Paul L. Caron
Dean


Saturday, July 27, 2019

Amy Wax Controversy Drags Penn Law Into Free-Speech Dilemma

Law.com, Amy Wax Controversy Drags Penn Law Into Free-Speech Dilemma:

WaxFew people seem satisfied with Penn Law's latest response to the professor's comments, highlighting the fraught nature of free-speech issues for deans and other administrators who must balance competing pressures.

University of Pennsylvania Law School Dean Ted Ruger found himself in a familiar spot last week—caught between outraged students demanding sanctions against Amy Wax for what they view as her racist public comments and free-speech advocates who believe that the controversial professor has a right to air her views, however offensive.

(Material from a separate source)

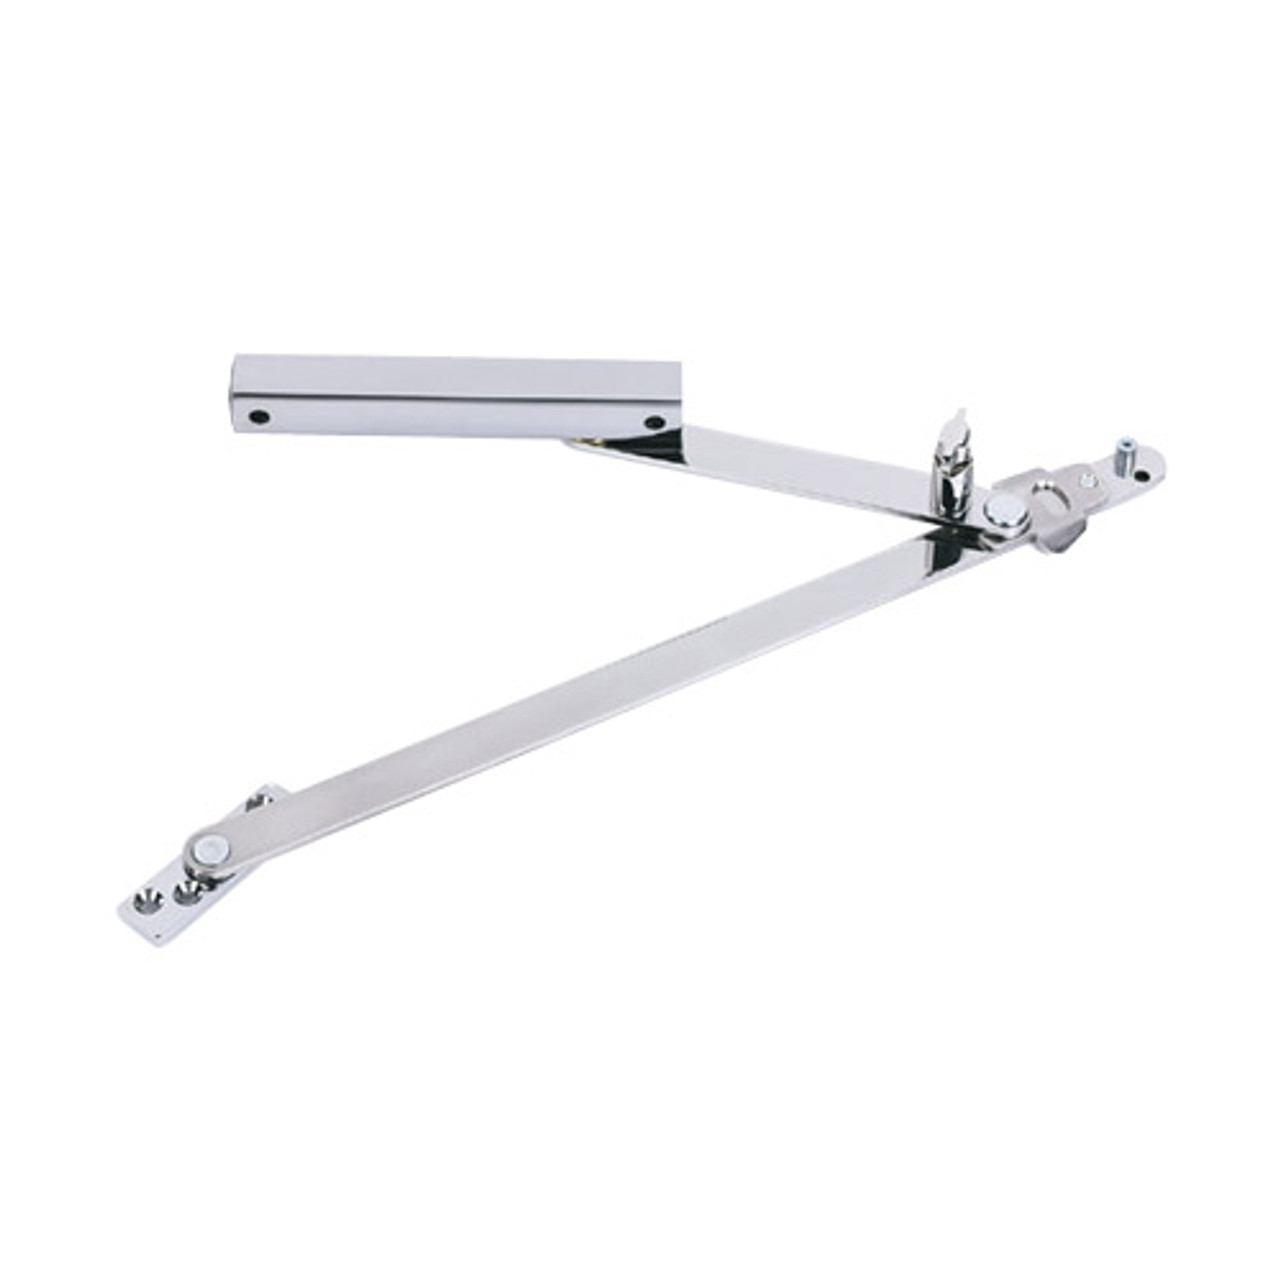 816H-US32-SHIM-2 Glynn Johnson 81 Series Heavy Duty Surface Overhead in Bright Stainless Steel
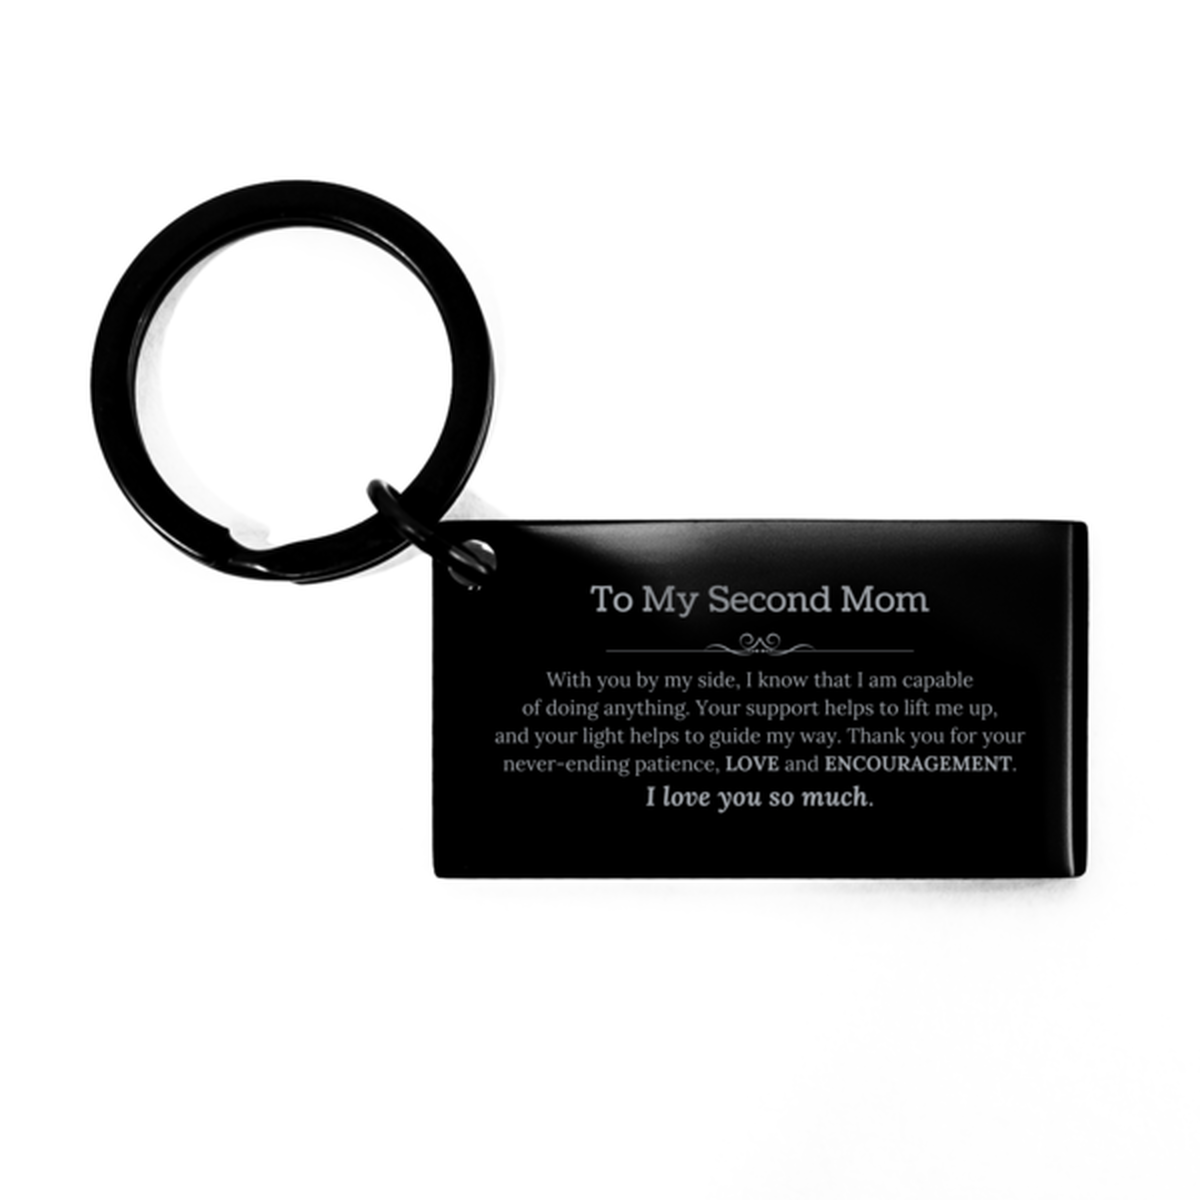 Appreciation Second Mom Keychain Gifts, To My Second Mom Birthday Christmas Wedding Keepsake Gifts for Second Mom With you by my side, I know that I am capable of doing anything. I love you so much

Ruger had been in a similar position at least twice in the past two years when Wax published op-eds and gave interviews that were widely perceived as denigrating immigrants and black students at the law school.

The dean has taken a middle-of-the-road approach with Wax, and in the latest incident issued a statement condemning her comments as racist. He also said that they do not reflect the law school’s position, but did not take formal action against her. Penn Law said Wax will be taking a previously planned sabbatical during the upcoming school year, however.

The recent controversy stems from Wax’s statements that U.S. would be “better off with more whites and fewer nonwhites,” during a panel at a national conference for conservatives.

Ruger’s latest response seems to have satisfied few people on either side of the matter. A consortium of Penn Law affinity groups and student organizations Tuesday issued a statement saying that the law school will continue “perpetuating white supremacy” as long as Wax remains on the faculty. (They had earlier circulated a petition calling for Wax to be removed from teaching.)

Meanwhile, some legal academics and free-speech advocates have rebuked Ruger for what they see as overstepping. Those critics argue that it’s not the place of a dean or a law school to weigh in on the content of a professor’s speech. ...

Josh Blackman, a professor at South Texas College of Law Houston and a conservative who has also been protested by students for his views, said in an interview Thursday that Ruger went too far. ...

 Erwin Chemerinsky, dean of the University of California, Berkeley School of Law and author of a recent book on campus free speech, said that deans have a responsibility to publicly disown racist speech while also resisting pressure to punish the professors responsible for that offensive speech, which is essentially the balance Ruger struck this week. Wax should not be fired for her comments, he added, but others should exercise their free speech rights to reject her conclusions.

Prior TaxProf Blog coverage:

https://taxprof.typepad.com/taxprof_blog/2019/07/amy-wax-controversy-drags-penn-law-into-free-speech-dilemma.html

Legal Ed News, Legal Education | Permalink

Comments

I don't agree with Wax's views but I think it's a mistake to retaliate against her. Better to refute her views than to retaliate. The latter tactic will simply be use by the other side when and if they have control.

Posted by: Mike Livingston | Jul 28, 2019 5:09:31 AM

Quote: "... outraged students demanding sanctions against Amy Wax for what they view as her racist public comments and free-speech advocates who believe that the controversial professor has a right to air her views, however offensive."

Left virtually unsaid in this debate is whether Prof. Wax's remarks are true, meaning can they be supported by evidence. This debate has focused on free speech because much of present-day academia would rather chant PC dogmas than debate facts. Law schools seem particular resistant to releasing the very facts on which debates can take place.

Posted by: Michael W. Perry | Jul 29, 2019 4:19:21 AM

There's something that a university believes truly competes with free speech and open inquiry? And that thing is "outraged students?" How has the university environment turned upside down since the 1960's, when free speech was what students demanded? Modern leftist students have become self-ridiculing parodies. And college administrators spineless jellyfish, without an ounce of adult responsibility and integrity.

Posted by: ruralcounsel | Jul 29, 2019 4:36:01 AM

"Left virtually unsaid in this debate is whether Prof. Wax's remarks are true, meaning can they be supported by evidence. "

Let me fix that for you, Mike. Wax's statements were supported by ZERO evidence beyond her say-so, and the university admin who actually has access to everyone's grades said she was wrong. The end.

Posted by: Unemployed Northeastern | Aug 2, 2019 7:32:06 AM

@ Michael W. Perry,
The remarks attributed to Prof. Wax are in their own terms a matter of opinion and therefore not susceptible to proof as "true" or "false." She is expressing a value judgment.

@ ruralcounsel,

The dean did not yield to the demands of "outraged student," who wanted him to take disciplinary action against Prof. Wax.

Posted by: Russ Willis | Aug 4, 2019 6:15:50 PM

@UN -- Well, perhaps not exactly.

Professor Wax: "I don't think I've ever seen a Black student graduate in the top quarter of the class, and rarely, rarely in the top half ... I can think of one or two students who scored in the top half in my required first year course,"

University of Pennsylvania Law School dean Theodore Ruger: "Black students have graduated in the top of the class at Penn Law."